Ariz. Renzi Associate Gets Probation for Embezzlement

February 3, 2011

A federal judge has sentenced an associate of former U.S. Rep. Rick Renzi to three years’ probation for conspiracy and embezzlement convictions related to his role as the accountant at Renzi’s family insurance firm.

U.S. District Judge David Bury rejected a federal prosecutor’s request that he sentence Dwayne Lequire to more than three years in prison. Bury also cut the amount the government wanted Lequire, 52, of Sonoita, to pay in restitution from $475,400 to $26,500 and levied no fine, defense attorney Skip Donau said.

The case is tied to allegations that the former Arizona congressman looted his family insurance business to fund his campaigns and personal expenses.

A jury convicted Lequire of conspiracy and eight counts of embezzlement in July. Another Renzi associate, Andrew Beardall, was acquitted of conspiracy and two counts of insurance fraud. Beardall, of Rockville, Md., was the president and lawyer for Renzi’s Sierra Vista-based insurance company from late 2002 through 2003.

Lequire was accused of diverting customers’ insurance premiums from the firm to Renzi. Beardall was accused of helping cover up Renzi’s alleged siphoning of $400,000 from the family insurance company to run his congressional campaign.

Lequire did not profit from the scheme and his accounting was not in dispute, Donau said. He said even the FBI used his accounting it while it built the case.

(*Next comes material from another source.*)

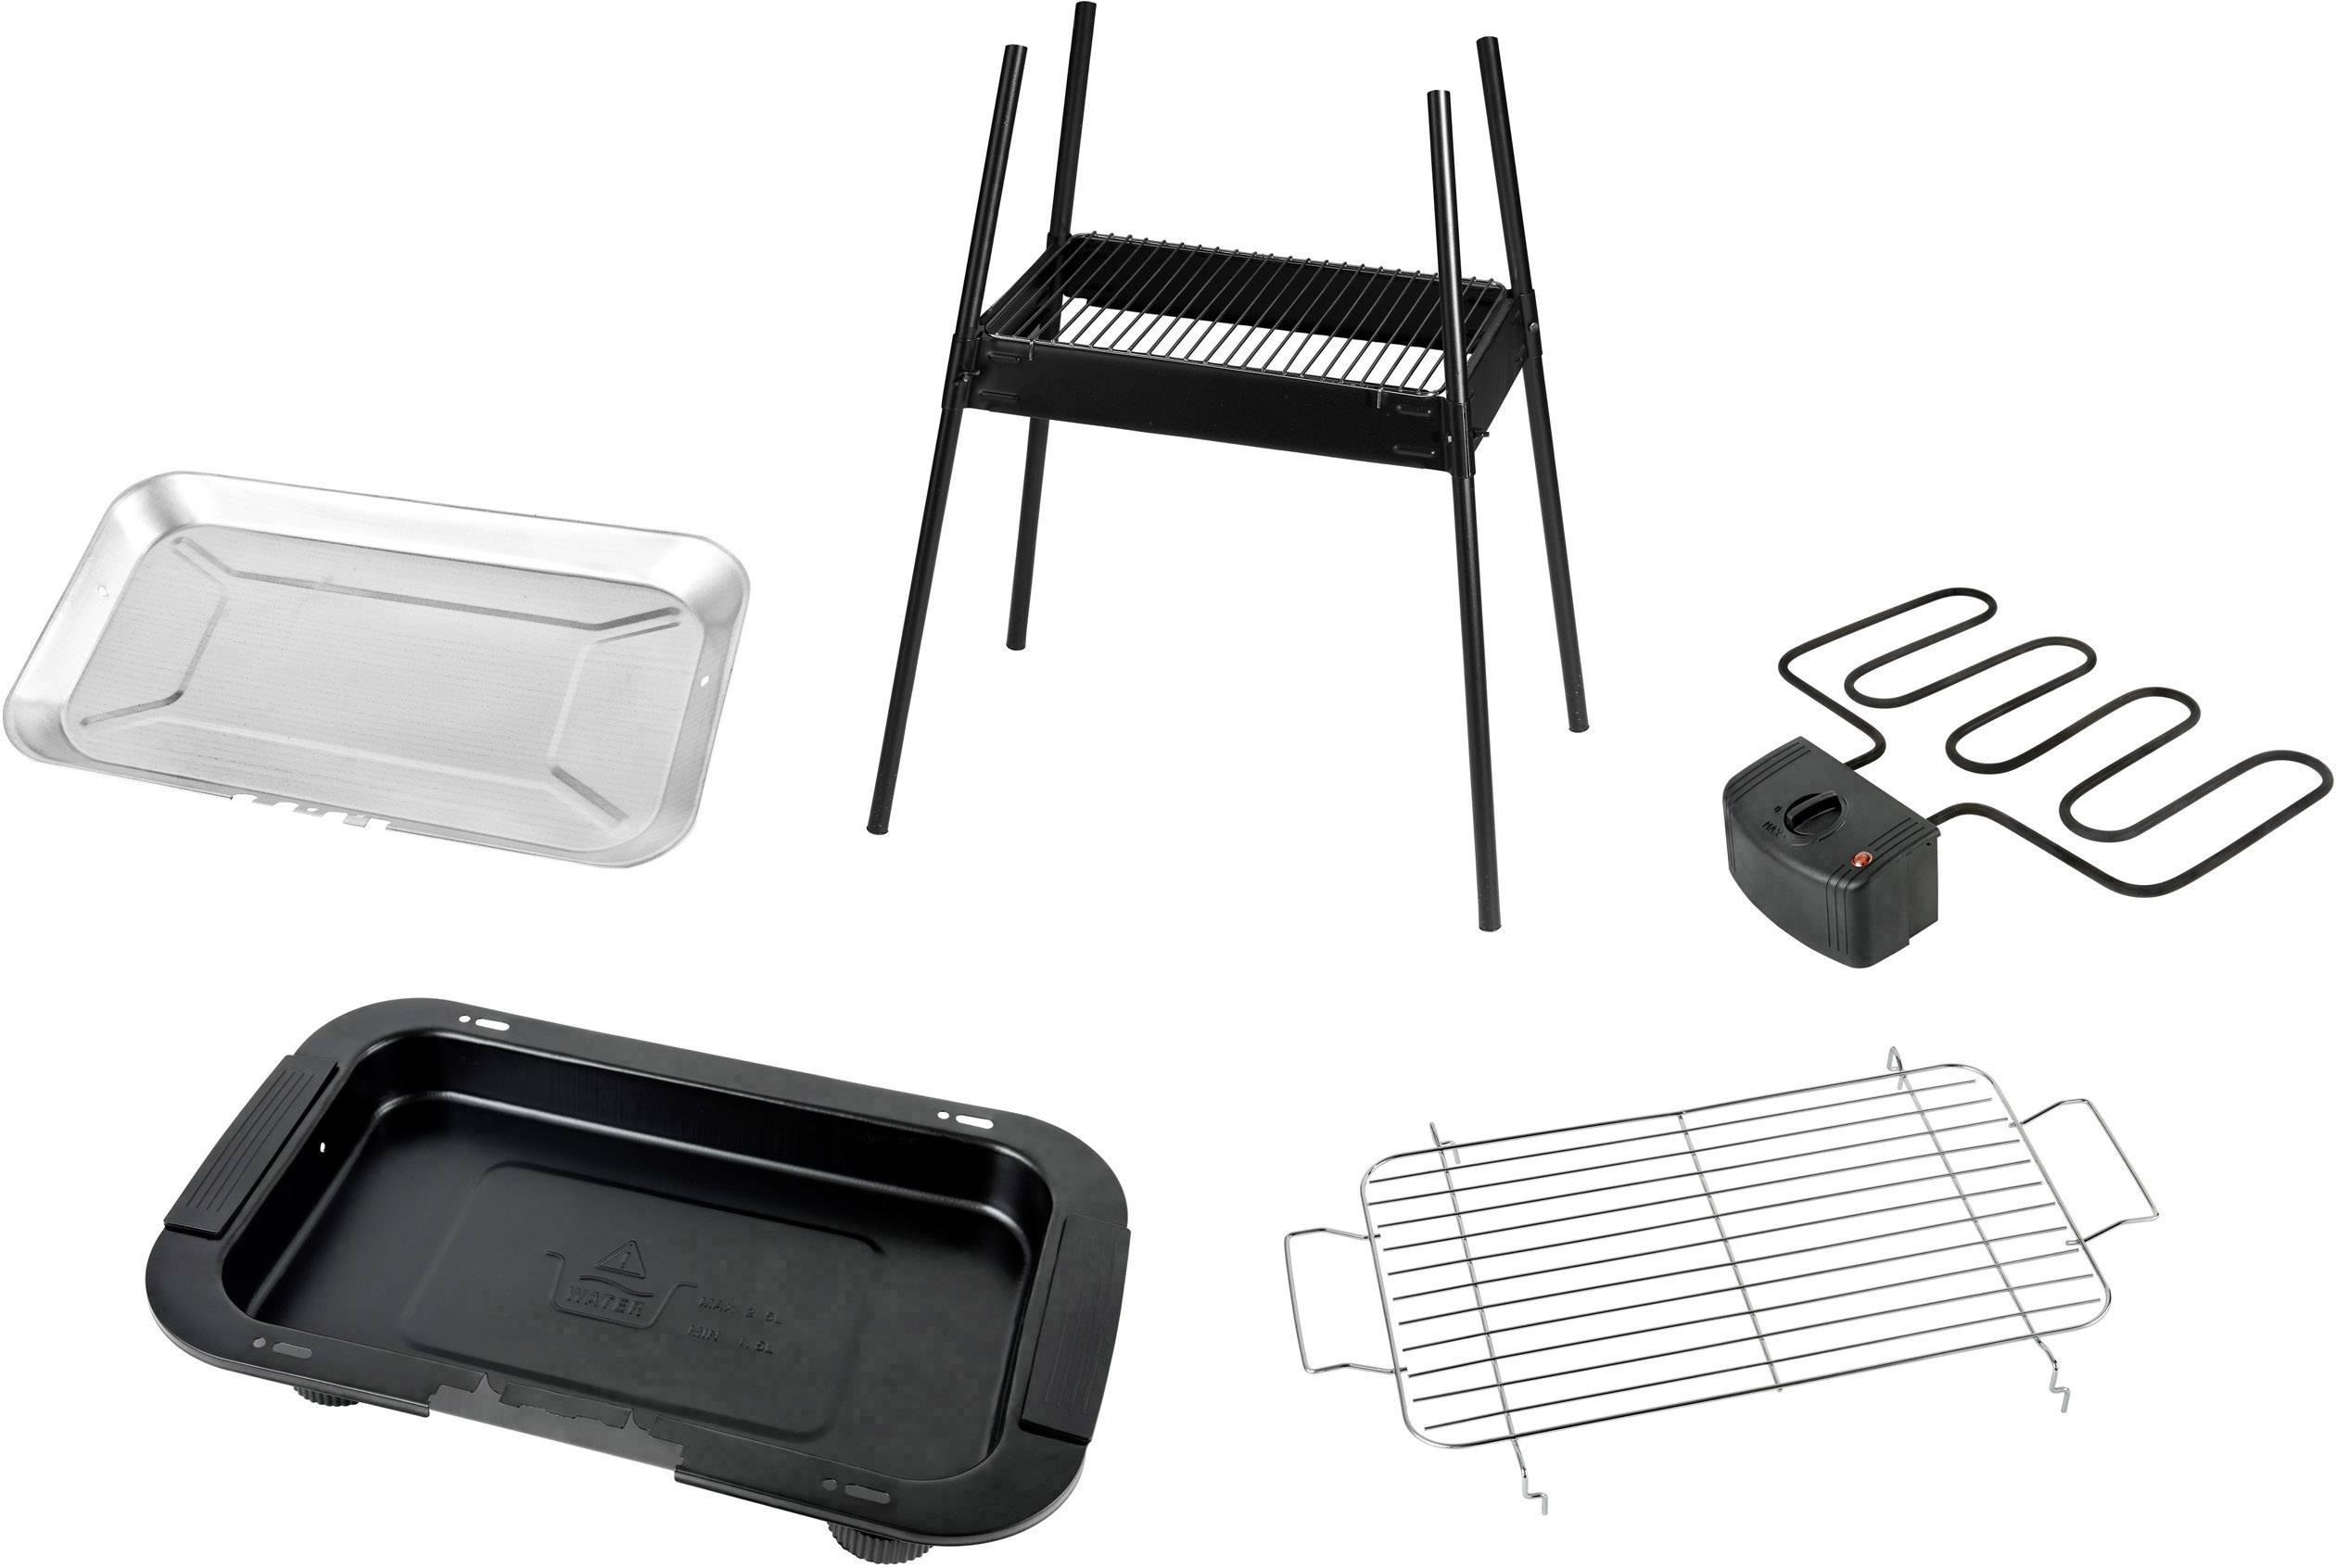 2-i-1 elektrisk bords- och stågrill TKG Rörbandsslip GRB 1002 bc75f33cefd0e

“We thought the judge was very fair and recognized the uniqueness of this case,” Donau said. “We are pleased with the sentencing. We had hoped the jury would acquit him of all charges but they did not, although his co-defendant was acquitted of them all.”

A Justice Department spokeswoman declined to comment on the sentence, handed down in Tucson.

Renzi faces charges in the insurance case and on public corruption charges tied to a land swap he is accused of trying to engineer to benefit himself and a business partner. He has pleaded not guilty.

Renzi is appealing rulings made by Bury denying a constitutional challenge to his 47-count indictment, and the 9th U.S. Circuit Court of Appeals is set to hear arguments later this month. That appeal has put the former three-term Republican lawmaker’s case on hold.

Last year, the judge blocked prosecutors from using wiretaps collected by federal investigators from being used at Renzi’s trial. Bury ruled that FBI agents and federal prosecutors “conducted an unreasonable wholesale interception of calls they knew to be attorney-client communications.”

The initial indictment against Renzi was unsealed in February 2008.

Renzi represented Arizona’s sprawling 1st Congressional District before declining to seek re-election in 2008.